To simply see the counts of instructions and memory references broken down by thread use the basic counts tool:

$ bin64/drrun -t drmemtrace -tool basic_counts -- ~/test/pi_estimator

Estimation of pi is 3.142425985001098

---- <application exited with code 0> ----

Basic counts tool results:

Total counts:

134566 total (fetched) instructions

13838 total unique (fetched) instructions

423 total non-fetched instructions

0 total prefetches

30919 total data loads

13122 total data stores

0 total icache flushes

0 total dcache flushes

3 total threads

1134 total timestamp + cpuid markers

0 total idle markers

0 total wait markers

5 total kernel transfer markers

10 total function id markers

0 total function return address markers

30 total function argument markers

5 total function return value markers

0 total physical address + virtual address marker pairs

0 total physical address unavailable markers

75 total system call number markers

0 total blocking system call markers

12 total other markers

0 total encodings

Thread 64951 counts:

130900 (fetched) instructions

13469 unique (fetched) instructions

423 non-fetched instructions

0 prefetches

29844 data loads

12594 data stores

0 icache flushes

0 dcache flushes

1072 timestamp + cpuid markers

0 idle markers

0 wait markers

5 kernel transfer markers

4 function id markers

0 function return address markers

12 function argument markers

2 function return value markers

0 physical address + virtual address marker pairs

0 physical address unavailable markers

56 system call number markers

0 blocking system call markers

4 other markers

0 encodings

Thread 64958 counts:

1861 (fetched) instructions

1009 unique (fetched) instructions

0 non-fetched instructions

0 prefetches

538 data loads

262 data stores

0 icache flushes

0 dcache flushes

30 timestamp + cupid markers

0 idle markers

0 wait markers

0 kernel transfer markers

2 function id markers

0 function return address markers

6 function argument markers

1 function return value markers

0 physical address + virtual address marker pairs

0 physical address unavailable markers

9 system call number markers

0 blocking system call markers

4 other markers

0 encodings

Thread 64959 counts:

1805 (fetched) instructions

978 unique (fetched) instructions

0 non-fetched instructions

0 prefetches

537 data loads

266 data stores

0 icache flushes

0 dcache flushes

32 timestamp + cpuid markers

0 idle markers

0 wait markers

0 kernel transfer markers

4 function id markers

0 function return address markers

12 function argument markers

2 function return value markers

0 physical address + virtual address marker pairs

0 physical address unavailable markers

10 system call number markers

0 blocking system call markers

4 other markers

0 encodings

The non-fetched instructions are x86 string loop instructions, where subsequent iterations do not incur a fetch.
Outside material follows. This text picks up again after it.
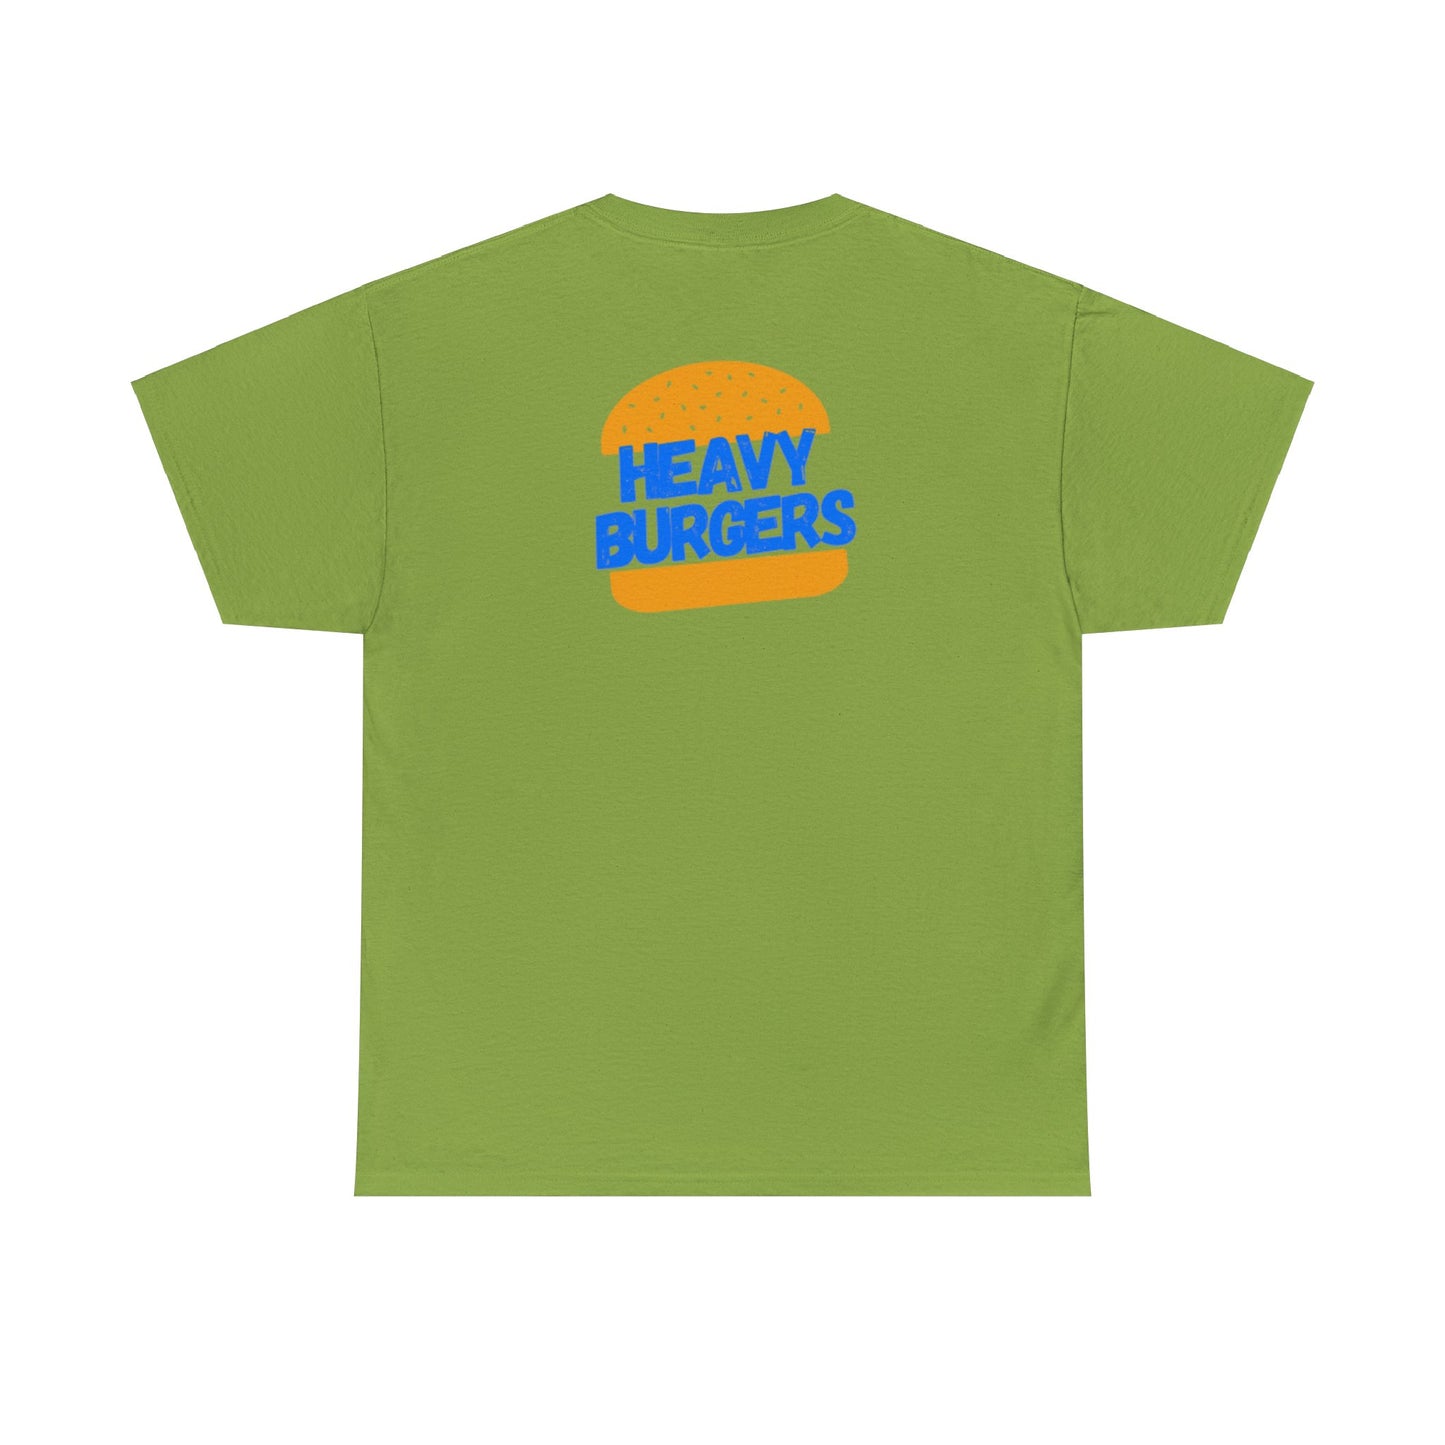 Burger Me, I'm Irish! Unisex T-Shirt.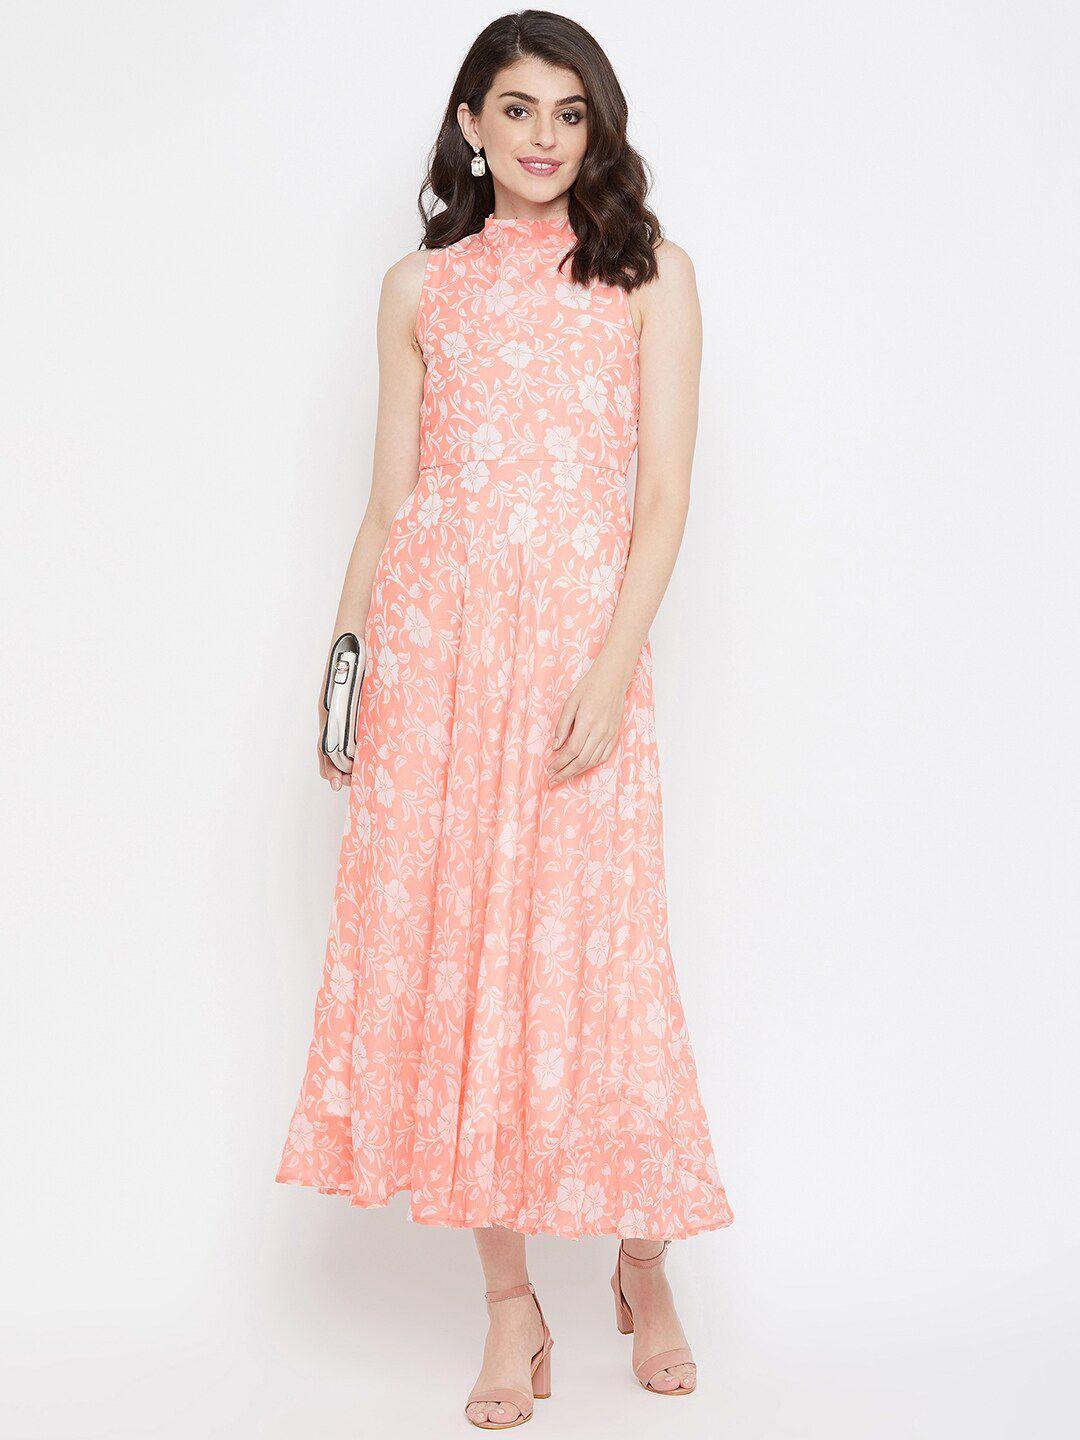 la-zoire-pink-&-white-floral-printed-georgette-maxi-dress

They are included in the trace as a different type of trace entry to support core simulators in addition to cache simulators.

Opcode Mix

The opcode_mix tool uses the non-fetched instruction information along with the preserved libraries and binaries from the traced execution to gather more information on each executed instruction than was stored in the trace. To run on online traces, pass the -instr_encodings option. The results are broken down by the opcodes used in DR's IR, where for x86 mov is split into a separate opcode for load and store but both have the same public string "mov":

$ bin64/drrun -t drmemtrace -offline -- ~/test/pi_estimator

Estimation of pi is 3.142425985001098

$ bin64/drrun -t drmemtrace -tool opcode_mix -indir drmemtrace.*.dir

Opcode mix tool results:

267271 : total executed instructions

36432 : mov

31075 : mov

24715 : add

22579 : test

22539 : cmp

12137 : lea

11136 : jnz

10568 : movzx

10243 : jz

9056 : and

8064 : jnz

7279 : jz

5659 : push

4528 : sub

4357 : pop

4001 : shr

3427 : jnbe

2634 : mov

2469 : shl

2344 : jb

2291 : ret

2178 : xor

2164 : call

2111 : pcmpeqb

1472 : movdqa

...

Human-Readable View

The view tool prints out the contents of the trace for human viewing, including disassembling instructions in AT&T, Intel, Arm, or DR format (to see disassembly for online traces, pass the -instr_encodings option). The -skip_refs and -sim_refs flags can be used to set a start point and end point for the disassembled view. Note that these flags compute the number of trace entry records which are skipped or displayed which is distinct from the number of instruction records; to skip instruction records use -skip_instrs or -skip_to_timestamp (this is faster than -skip_refs).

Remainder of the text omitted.